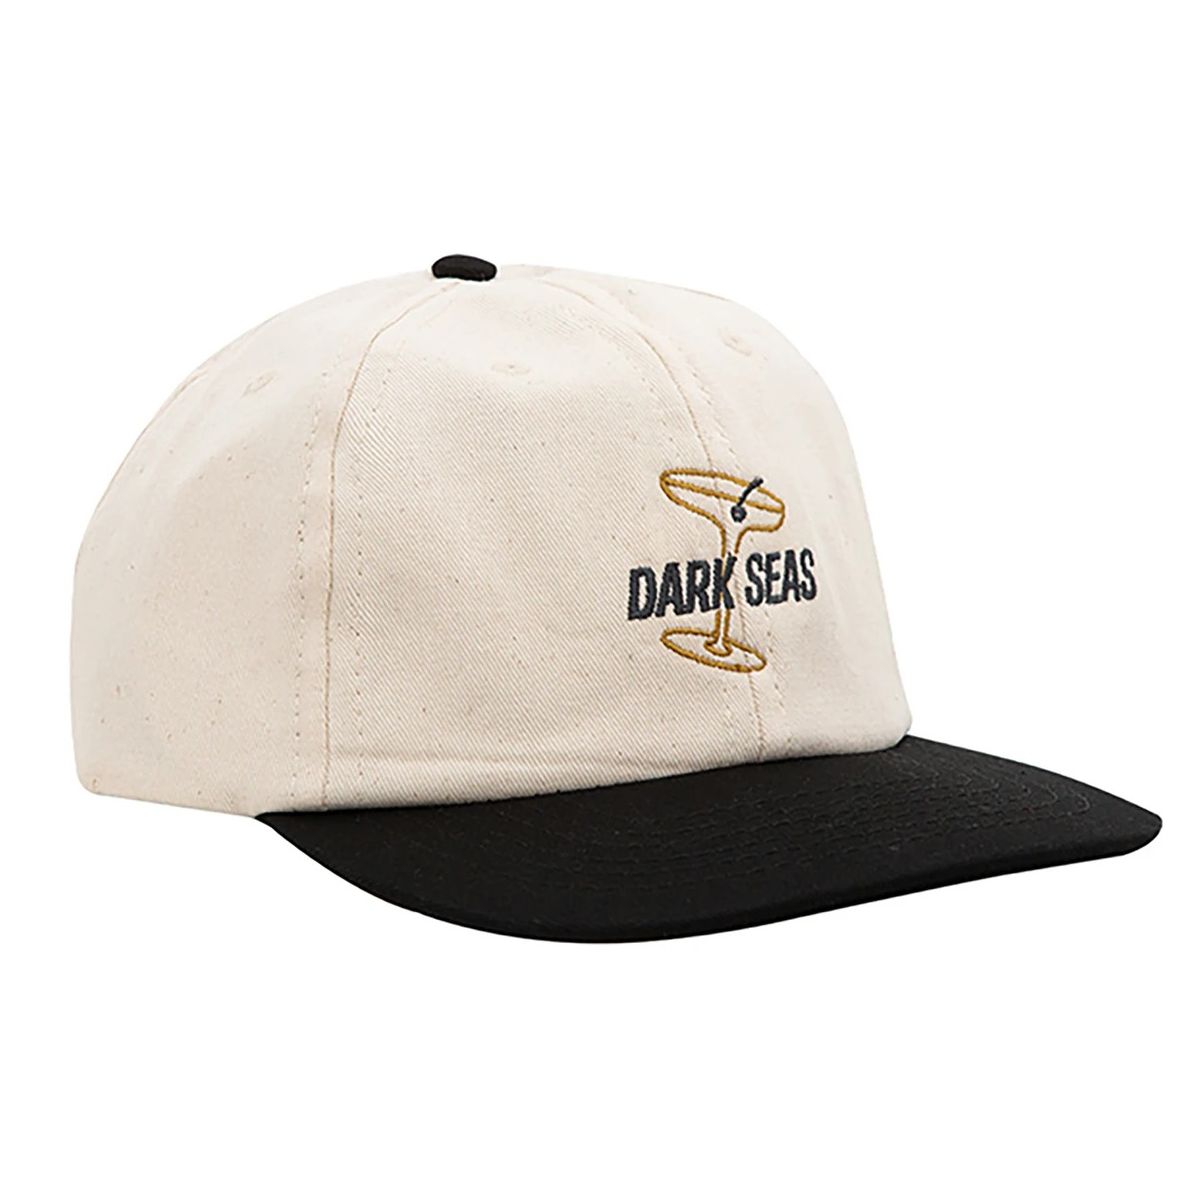 DARK SEAS CONTINENTAL HAT WHITE/BLACK
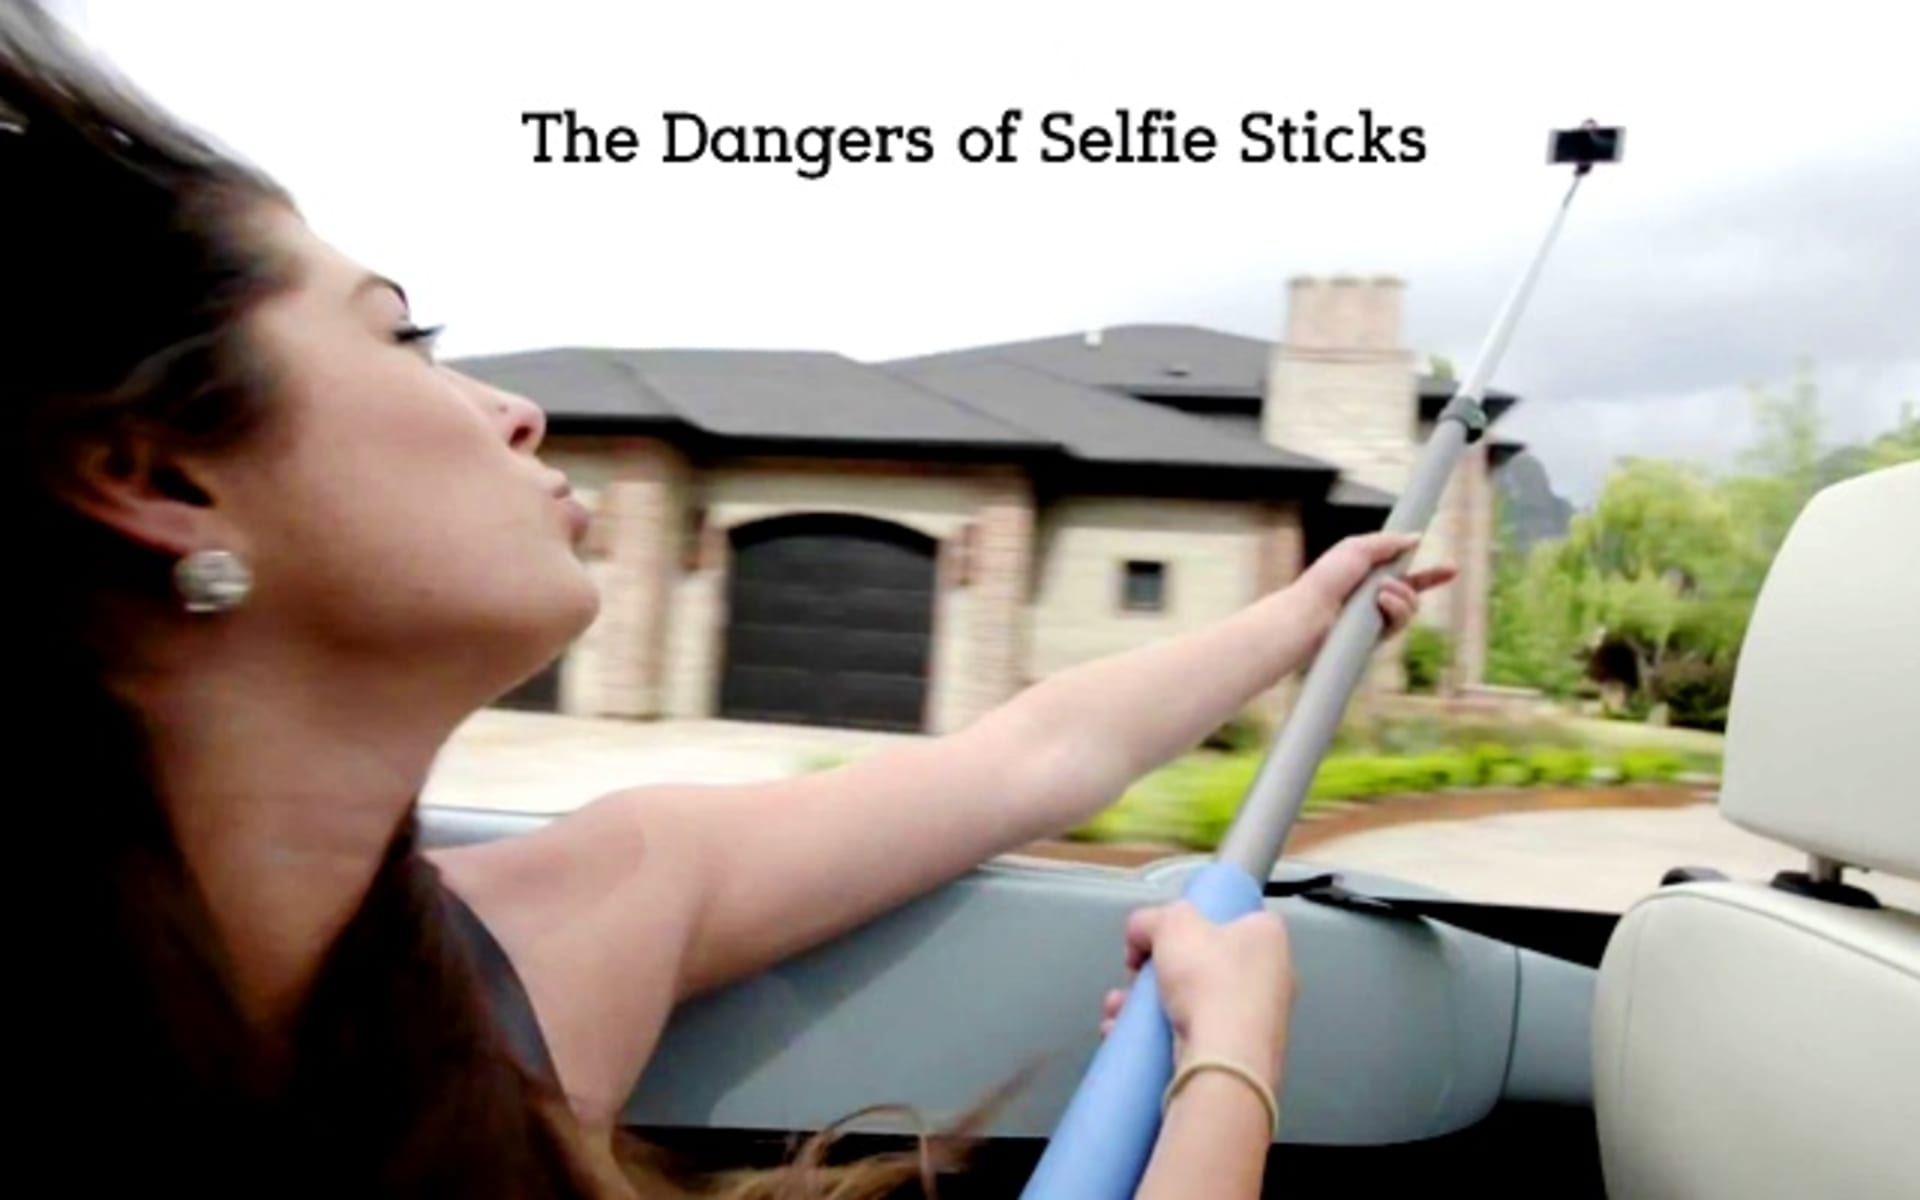 Nový trend selfie tyč - Nebezpečná věc!
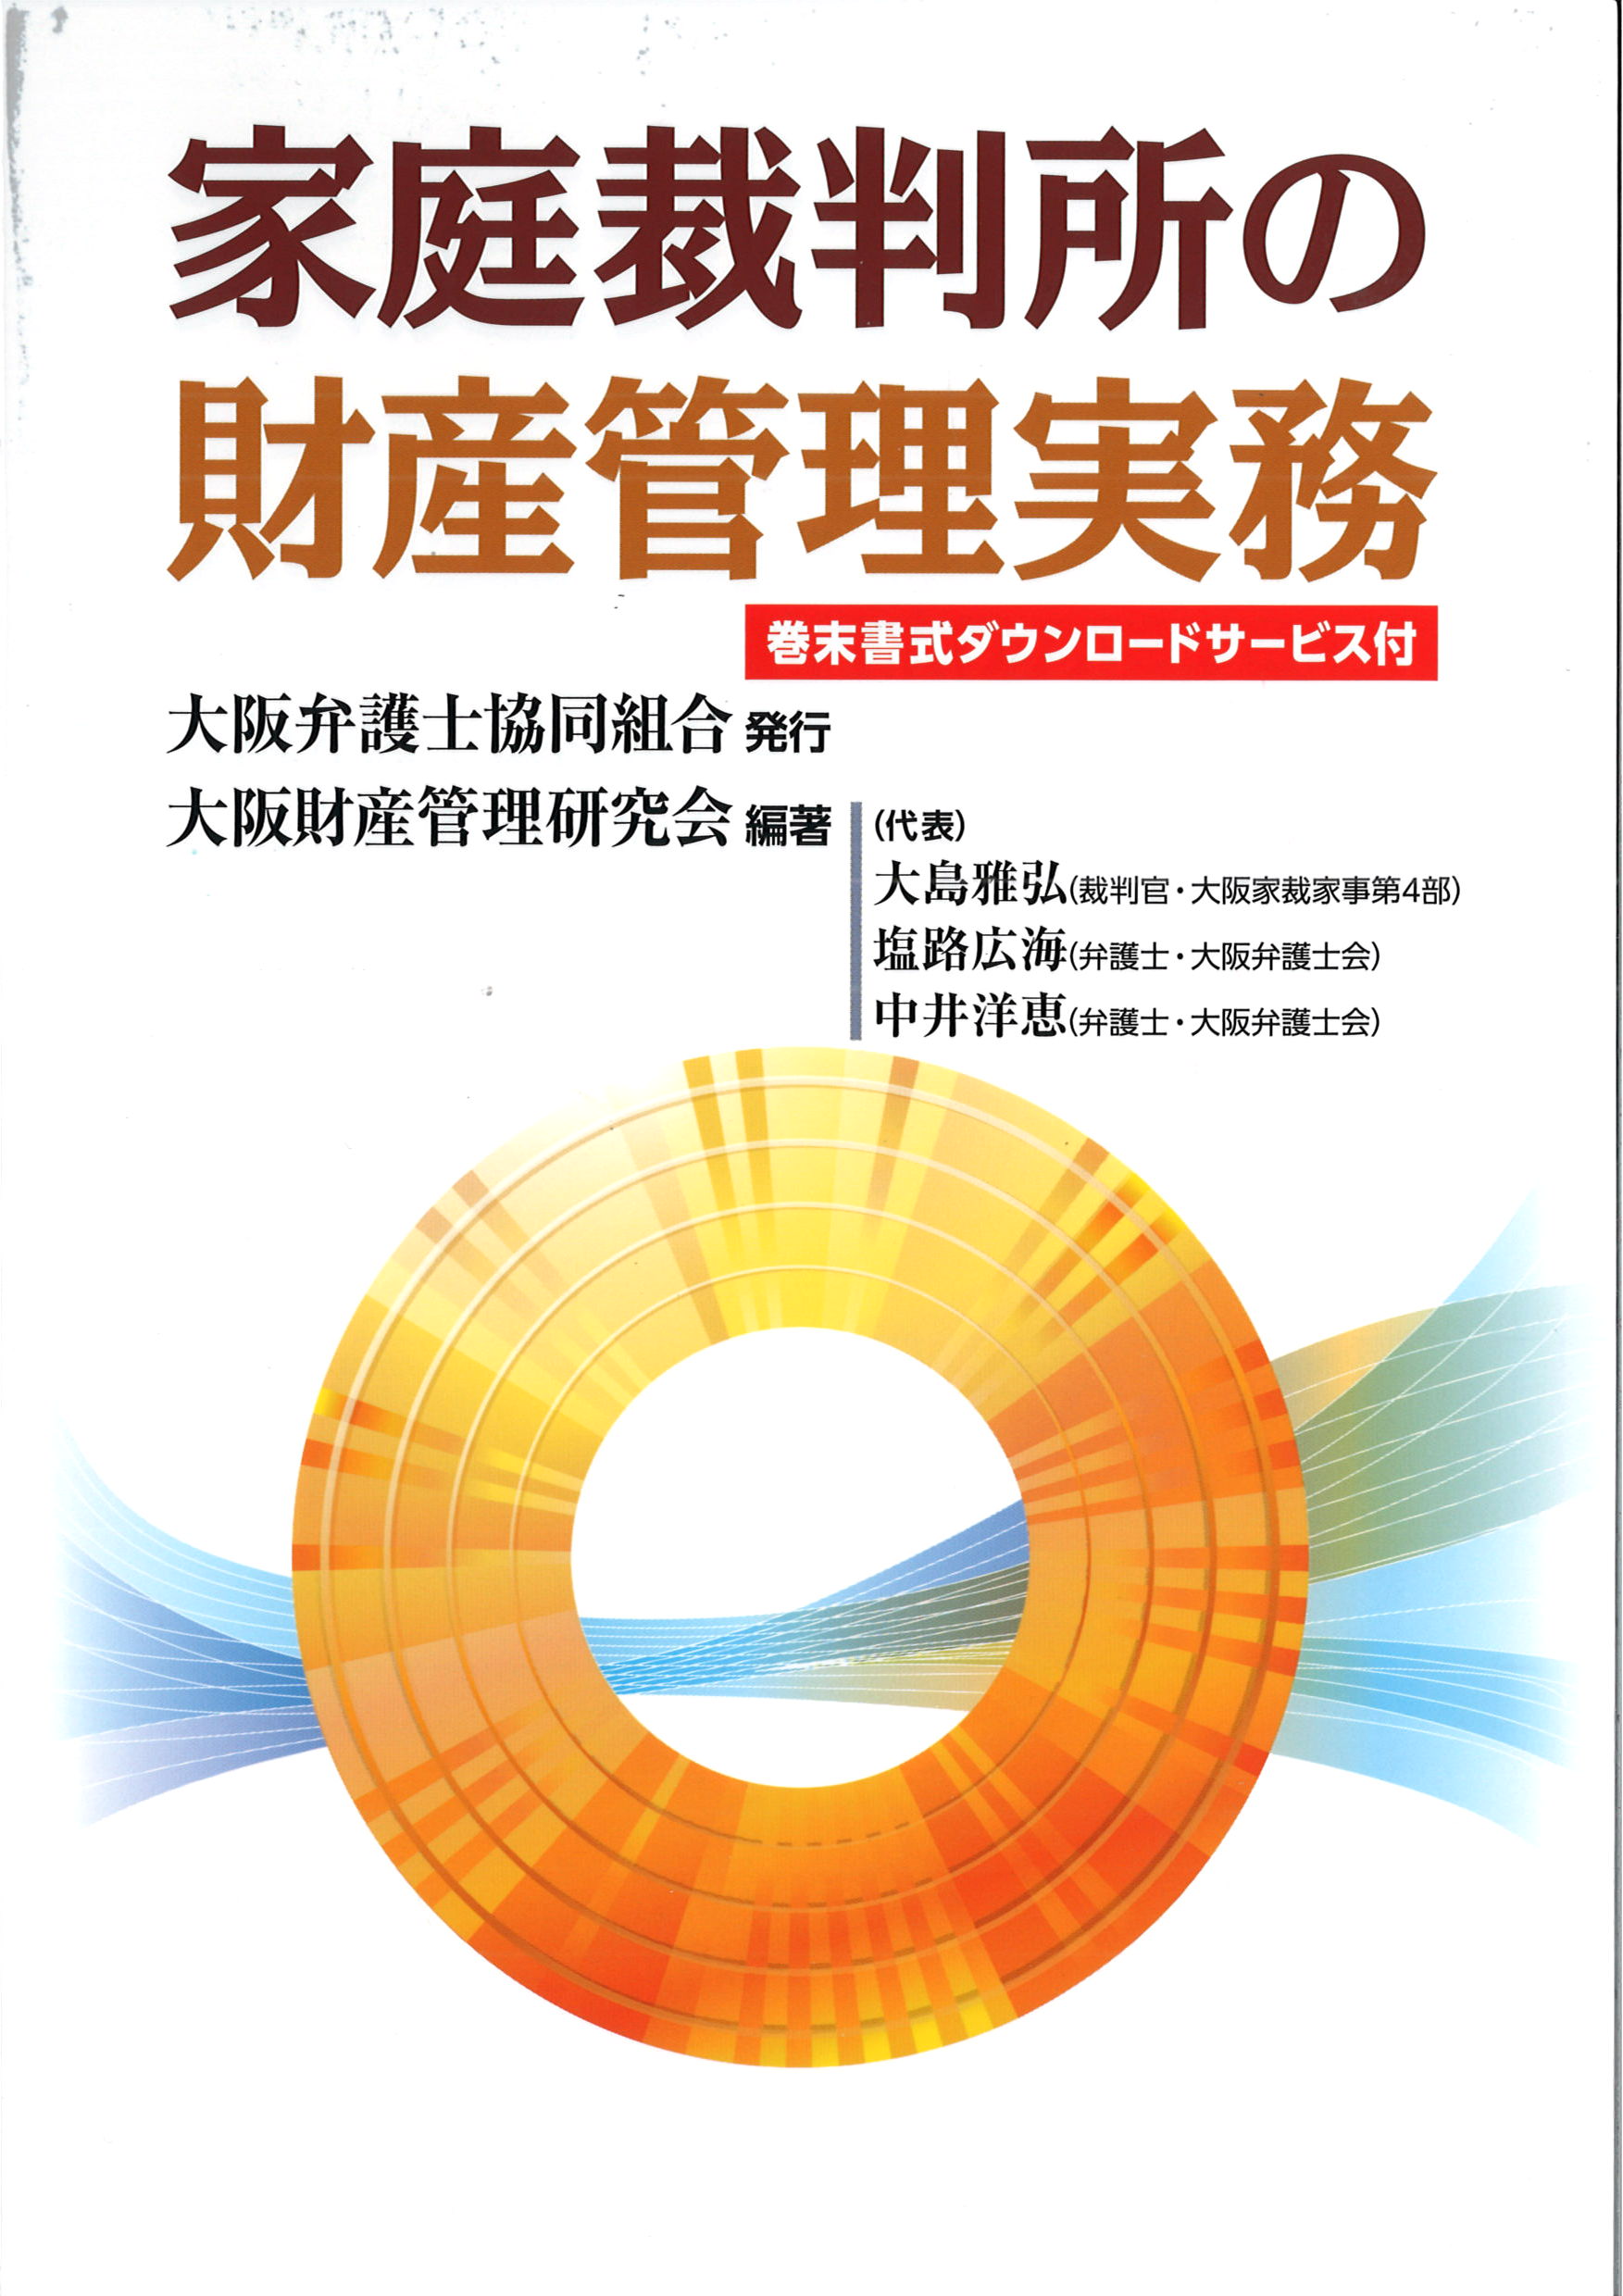 上田純弁護士が編集・執筆に参加した家庭裁判所の財産管理に関する書籍が出版されました。

───

▸ **YOUR GOAL**:
Word for word, restate the material above; do not carry over the pictures.

▸ **ANSWER SPACE**:
 DARK SEAS CONTINENTAL HAT WHITE/BLACK
 Nový trend selfie tyč - Nebezpečná věc!
 上田純弁護士が編集・執筆に参加した家庭裁判所の財産管理に関する書籍が出版されました。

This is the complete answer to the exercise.